O Globo
Pena que ele recebeu é superior à aplicada a
Sérgio Nahas pelo assassinato da mulher a tiros
A condenação de Léo Lins a mais de oito anos de prisão e multa dividiu o país. A enorme controvérsia não diz respeito particularmente ao humorista ou ao tipo de humor que pratica, mas às enormes implicações de uma regulação dura da liberdade de expressão. Para ter uma ideia, a pena que ele recebeu é superior à aplicada a Sérgio Nahas pelo assassinato da mulher a tiros. Se uma condenação duríssima como essa passa incontestável e se estabelece como precedente para condenações futuras, quais as implicações para o exercício da liberdade de expressão, em especial no âmbito do humor?
Regular a liberdade de expressão é delicado e
deve ser feito com mão leve, levíssima. Ela é um dos fundamentos da democracia.
Sem a liberdade de examinar e criticar o poder, nenhuma democracia subsiste.
Entre as muitas formas de crítica, o humor merece atenção e proteção especial.
Mas a liberdade de expressão não é um direito
acima dos demais. Quando colide com outros, precisa ser regulada. Obviamente,
ela não deve abarcar a exortação de um crime (“Vamos invadir o Congresso!”) ou
o preconceito racial (“Prefiro não contratar negros”).
O debate, portanto, está em onde estabelecer
os limites e a severidade da punição quando se julga que foram ultrapassados.
Tudo fica mais complicado quando se trata do humor, seja porque é um gênero
cheio de regras próprias e nuances, seja porque tem uma função política
historicamente reconhecida e protegida.
No final da Idade Média, o bobo da corte
tinha licença especial para insultar e criticar o monarca, direito que nenhum
outro súdito usufruía. Nos tempos modernos, o Direito, em muitos países, se
desenvolveu conferindo proteções especiais e salvaguardas à sátira política.
Assim, a sátira e o humor político se transformaram em pilares da esfera
pública política.
O humor também tem regras internas. Se é
verdade que, em alguns casos, simplesmente insulta e ri do inferior, noutros
pode ser resultado de quebra de expectativas ou do alívio cômico de uma tensão.
Às vezes, o tema da piada é alguém alvo de preconceito. Mas o mecanismo do riso
não é a inferiorização, e sim a quebra de expectativa ou o alívio da tensão.
Devemos tratar esse humor como injurioso? Na sentença que condenou Léo Lins
vemos os dois tipos de caso tratados sem distinção.
Além disso, um show de humor é uma
performance artística. Por um lado, o comediante encarna uma persona cômica, e
há reconhecimento tácito do público de que ali não fala o cidadão Leonardo, mas
a persona Léo Lins.
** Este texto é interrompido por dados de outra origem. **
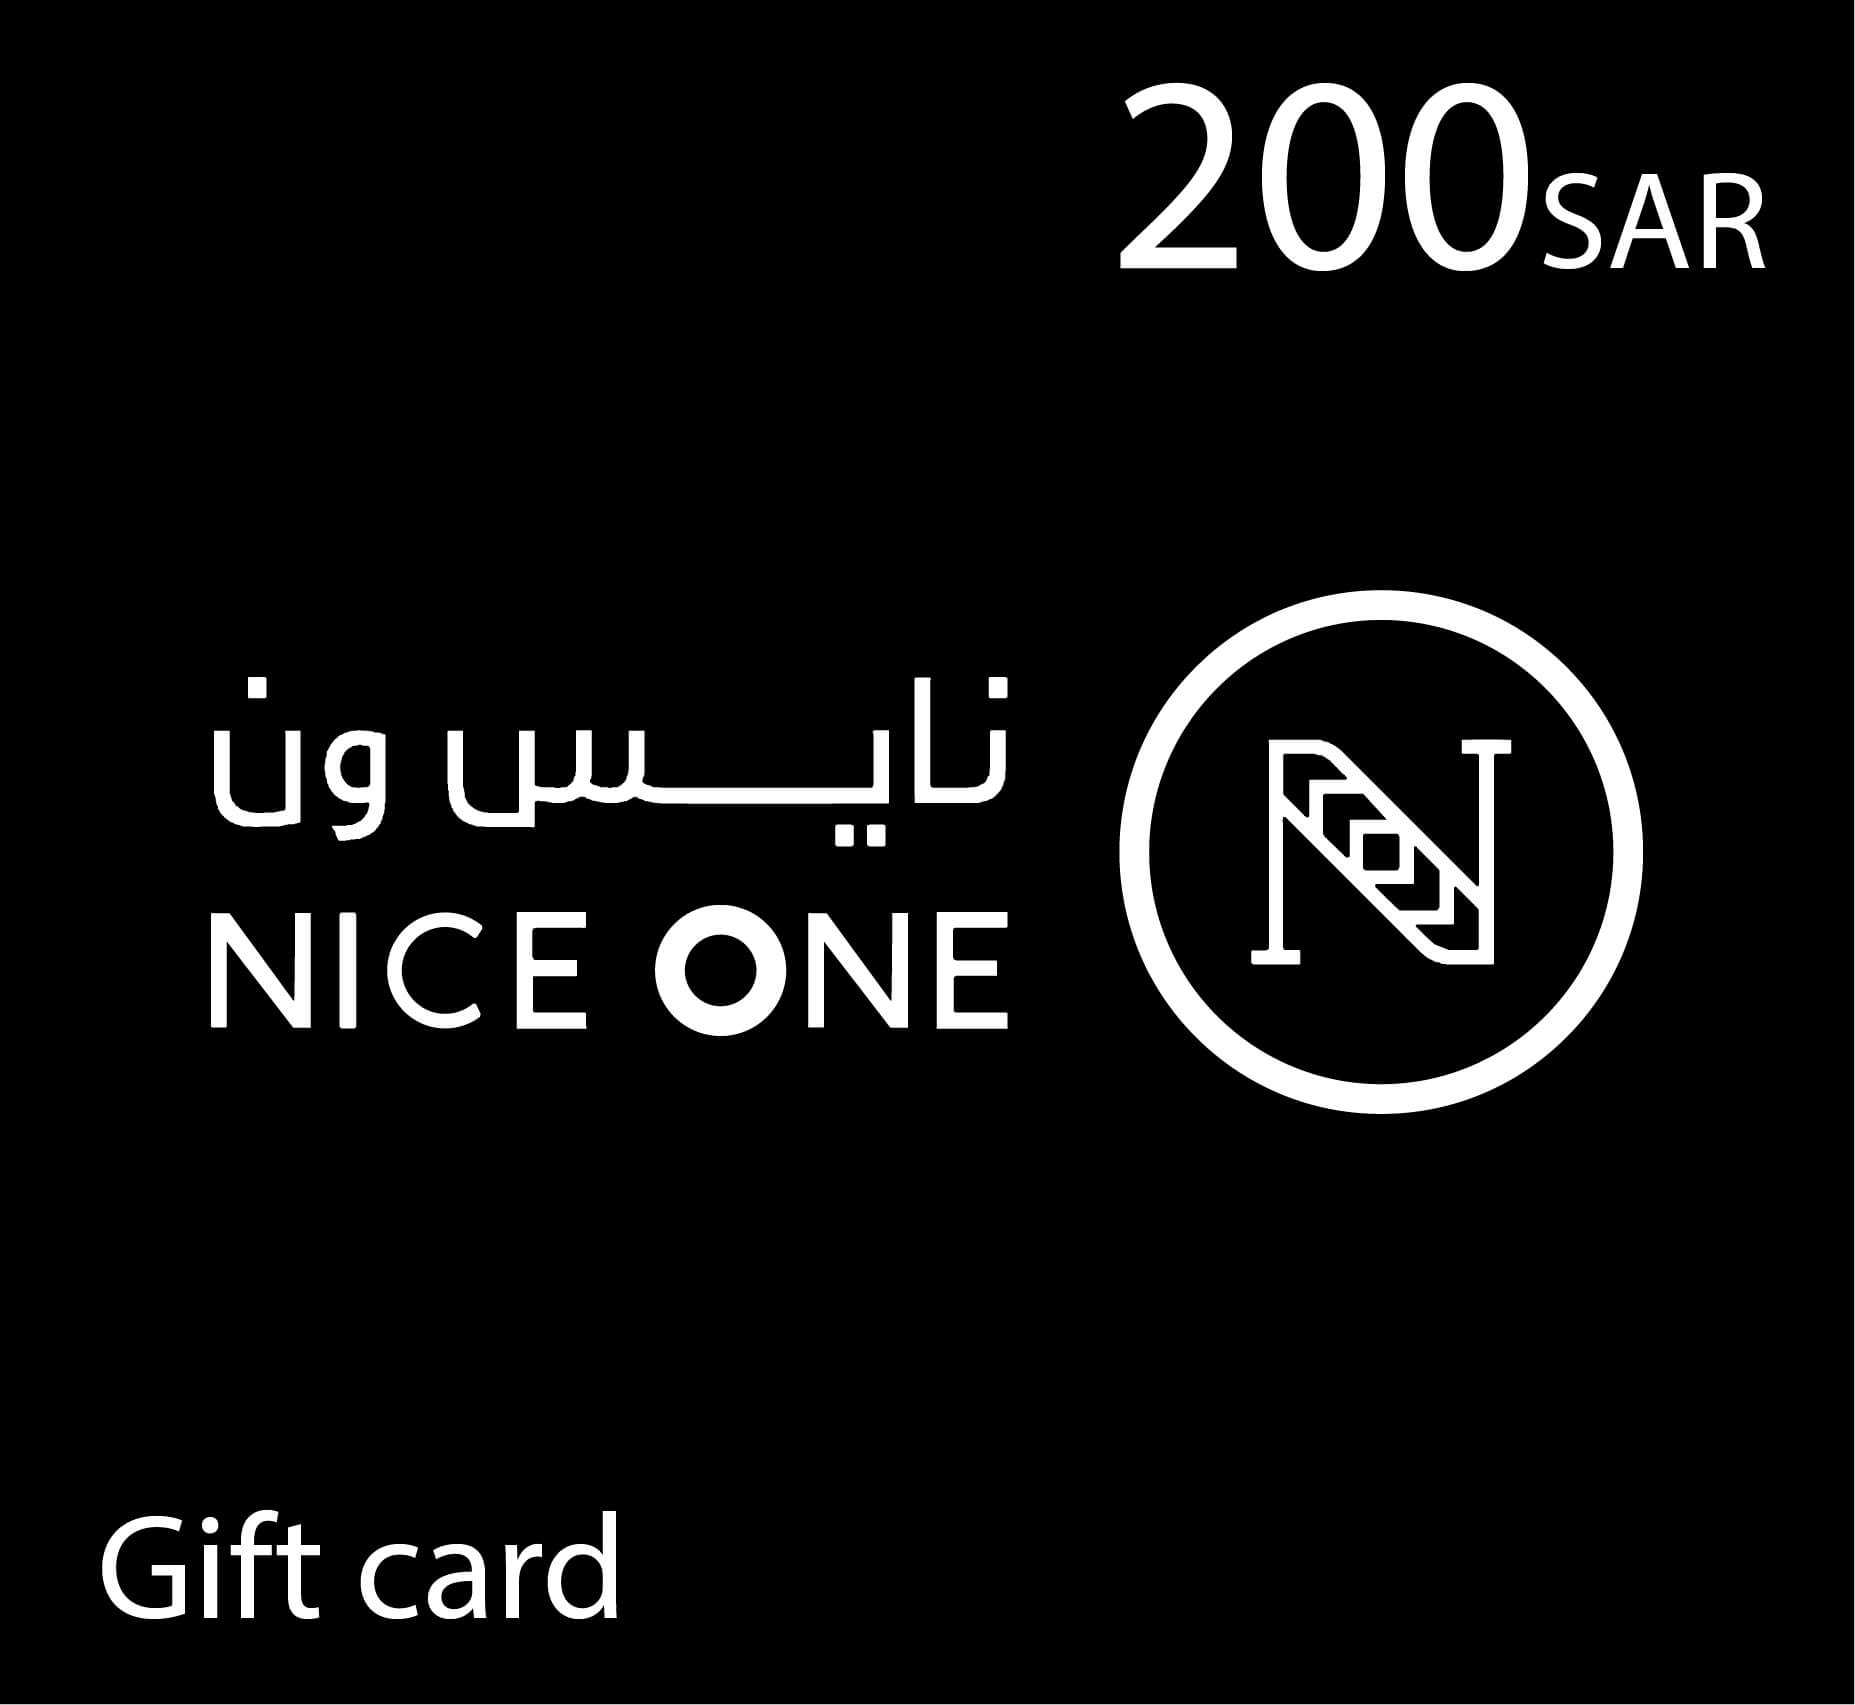 NiceOne Gift Card - 200 SAR
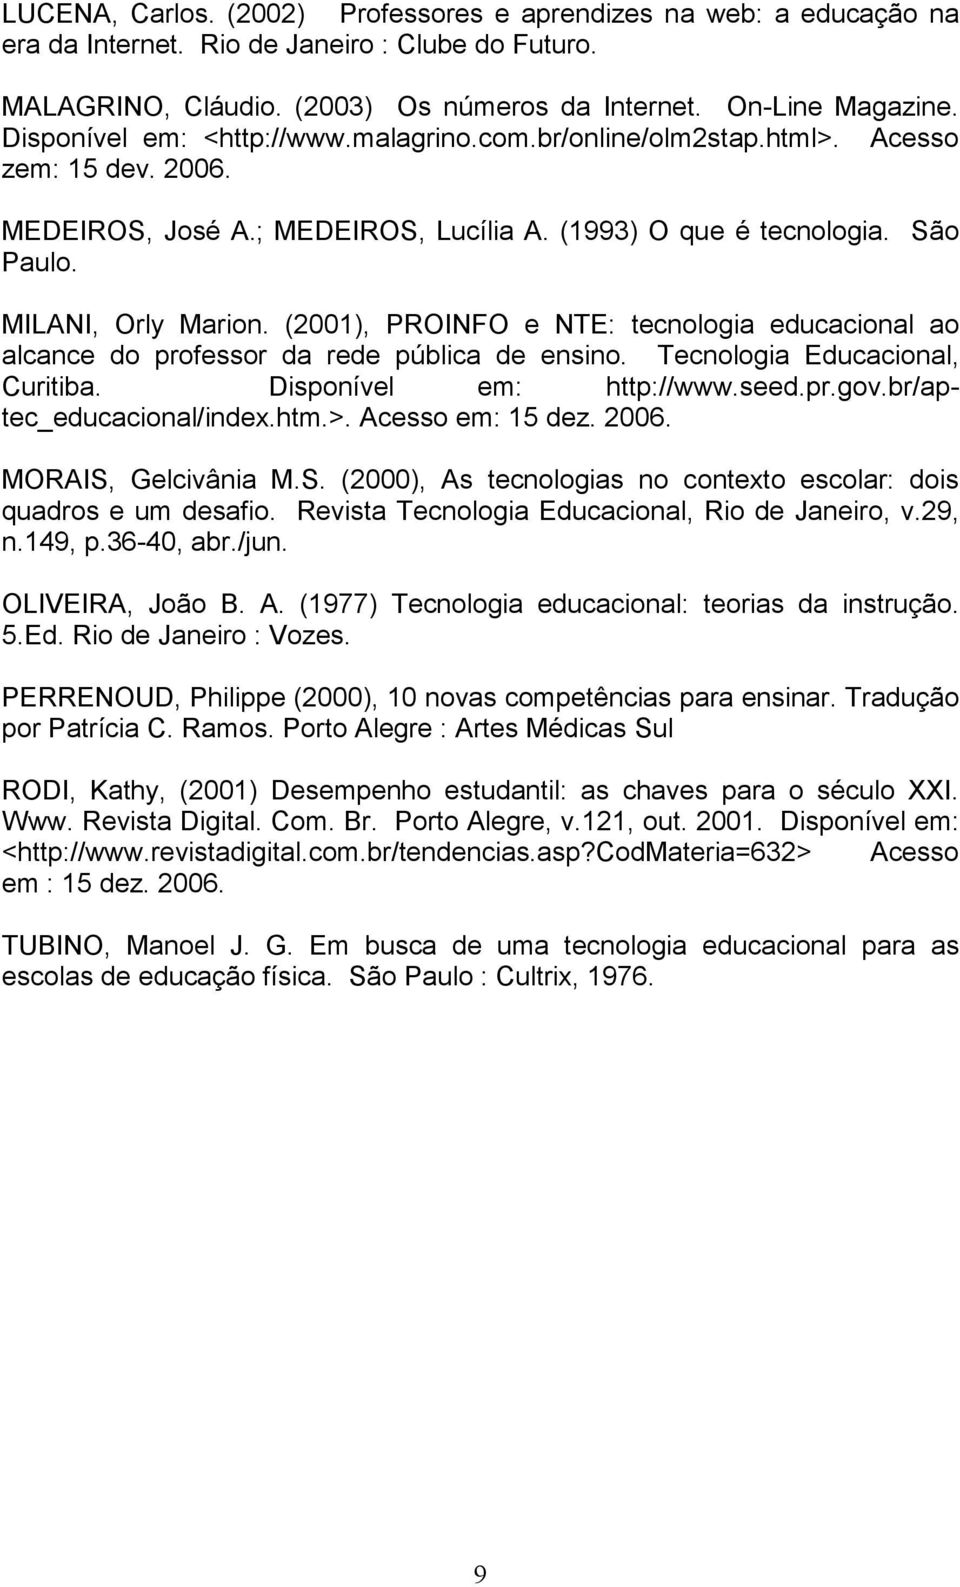 (2001), PROINFO e NTE: tecnologia educacional ao alcance do professor da rede pública de ensino. Tecnologia Educacional, Curitiba. Disponível em: http://www.seed.pr.gov.br/aptec_educacional/index.htm.

Por outro, porém, o formato da apresentação stand-up é um
monólogo em que a persona tem o mesmo nome do ator, e há obviamente um jogo de
tensão entre ficção e realidade, como na literatura de autoficção
contemporânea. Essa duplicidade sutil precisa entrar em conta na avaliação do
caso — e está completamente ausente da sentença.
Por fim, é preciso entender que os limites da
liberdade de expressão são o tema do humor de Léo Lins. Em várias passagens de
seu show, ele explora os limites do que é legal e socialmente permitido e
pretende ampliá-los fazendo rir do que é proibido. Há, portanto, uma dimensão
metacrítica do caso, e condenar o show, em algum sentido, também é limitar a
crítica às leis e convenções vigentes. Esse deveria ser mais um motivo para uma
punição menos severa.
O caso de Léo Lins representa um ponto de
inflexão no debate sobre os limites da liberdade de expressão no Brasil.
Discursos que veiculam injúria racial ou preconceito podem e devem ser punidos,
mas a sentença de Léo Lins aplica uma pena completamente desproporcional,
desconsiderando as particularidades do gênero humorístico e a função política e
cultural do riso como forma de crítica social. Apenas em ditaduras, piadas
impróprias recebem punições mais severas que assassinatos.